Looks great! I love the texture on that wood.


----------



## AlmostHuman (Jul 10, 2011)

Perfect .


----------



## Shawn (Aug 5, 2011)

Thanks for the love. 
The branch was half alive and half dead (dark areas). The internet taught me that manzanita darkens naturally if it dies while still in the ground (won't darken if you cut a piece off) so I was stoked to find this fork.


----------



## philly (Jun 13, 2010)

Stout looking fork, beautiful contrast, well done Shawn.
Philly


----------



## AJW (Apr 24, 2011)

That piece of wood never looked better, really like what you have made.

Al


----------



## CHANEKE_JOSH (Feb 10, 2010)

wooooow!!! BEEEIIIIUUUUTEEEIIIFULLL!!!

awesome work!!


----------



## e~shot (Jun 3, 2010)

I like it


----------



## bj000 (Jul 21, 2011)

so perfect.


----------



## Xidoo (Aug 14, 2010)

Shawn,
Very nice natural. I love the colors and contrast of this wood. This is the first one, I just wonder how the number 50 would look like. Nice job and please keep sharing with us.


----------



## bj000 (Jul 21, 2011)

Xidoo said:


> Shawn,
> Very nice natural. I love the colors and contrast of this wood. This is the first one, I just wonder how the number 50 would look like. Nice job and please keep sharing with us.

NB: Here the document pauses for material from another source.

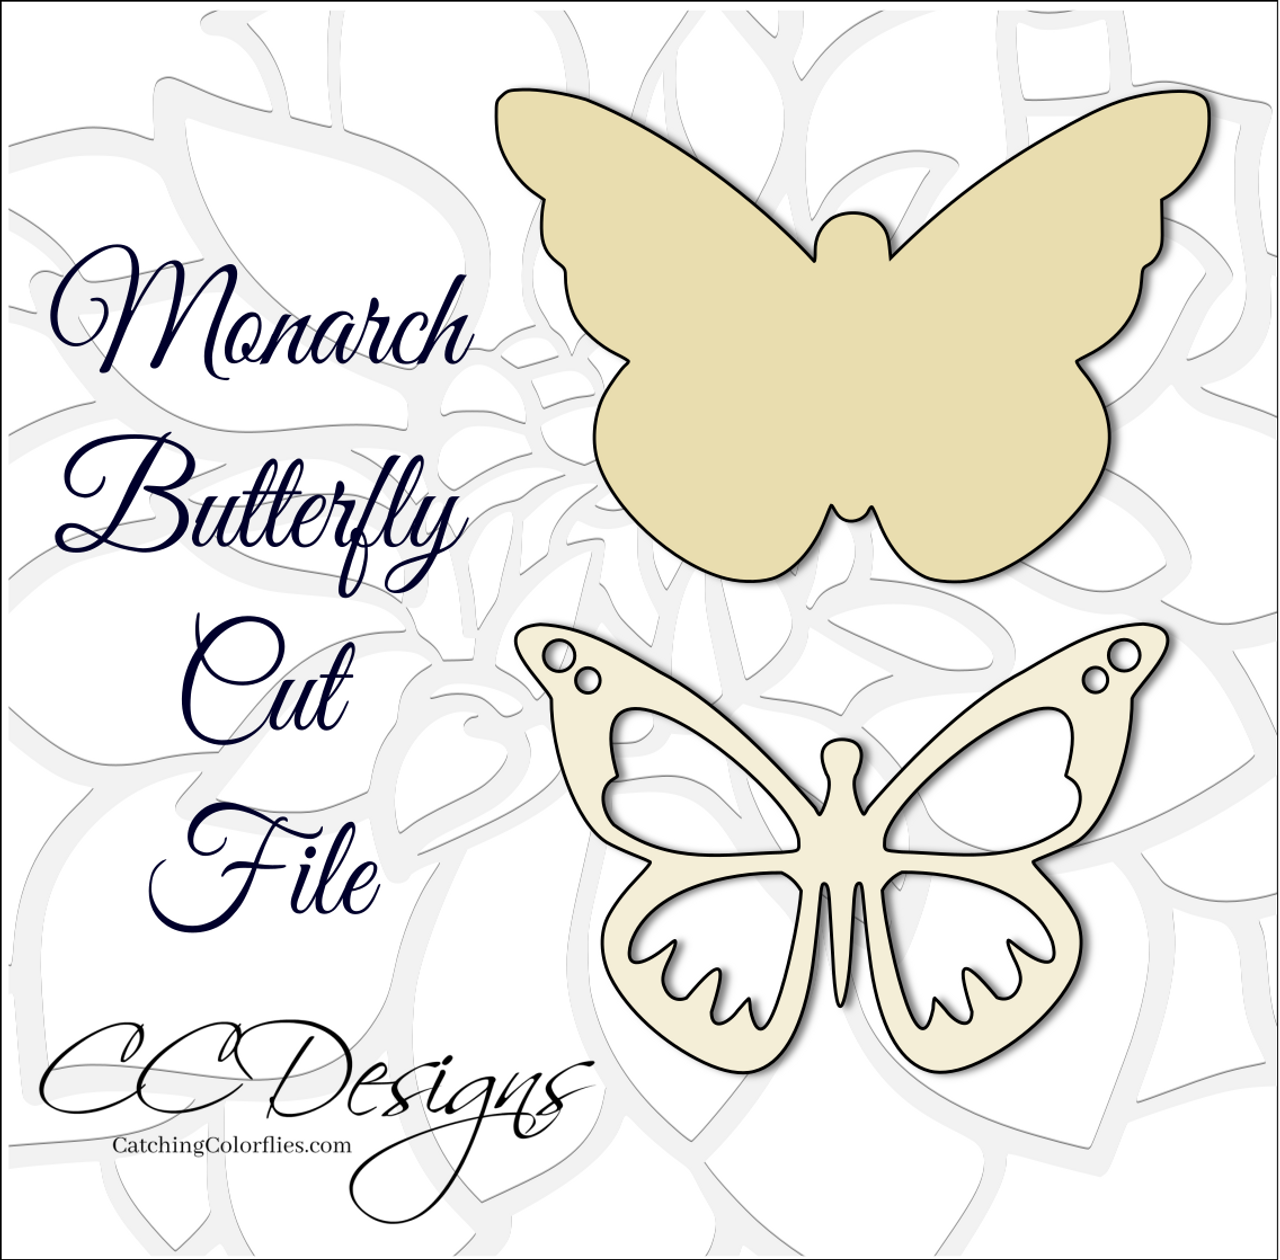 Monarch Butterfly SVG Cut File and PDF Template - Catching ...

i agree.. it is really really nice.
really.

trade me your next one or your tenth if you prefer.


----------



## Dayhiker (Mar 13, 2010)

That is an exceptionally pretty piece of wood and you more than did it justice. One for the books!


----------



## shawnr5 (Feb 16, 2011)

Good job with a beautiful piece of wood.


----------



## monoaminooxidase (Jun 20, 2011)

Now that is pretty! Congrats for making your fist ss and such a nice one at that!
The scenery just adds to the beauty of the picture.


----------



## Aras (Apr 2, 2011)

I wish I had wood like that in my place...


----------



## Bob Fionda (Apr 6, 2011)

Manzanita is beautiful and communicates force. Great, I love it.


----------



## NaturalFork (Jan 21, 2010)

That came out great! I am jealous!


----------



## Shawn (Aug 5, 2011)

This goes without saying but I'll say it anyway - I never would have been able to get the little guy done like i did without reading many posts and looking at even more photographs. It was looking at all the great work you folks put out that inspired me to give it a try. Just finished #3 - antler natural with wrapped leather handle - will shoot it for the first time tomorrow at Gavin's BD party.


----------



## bj000 (Jul 21, 2011)

whoa number three!


----------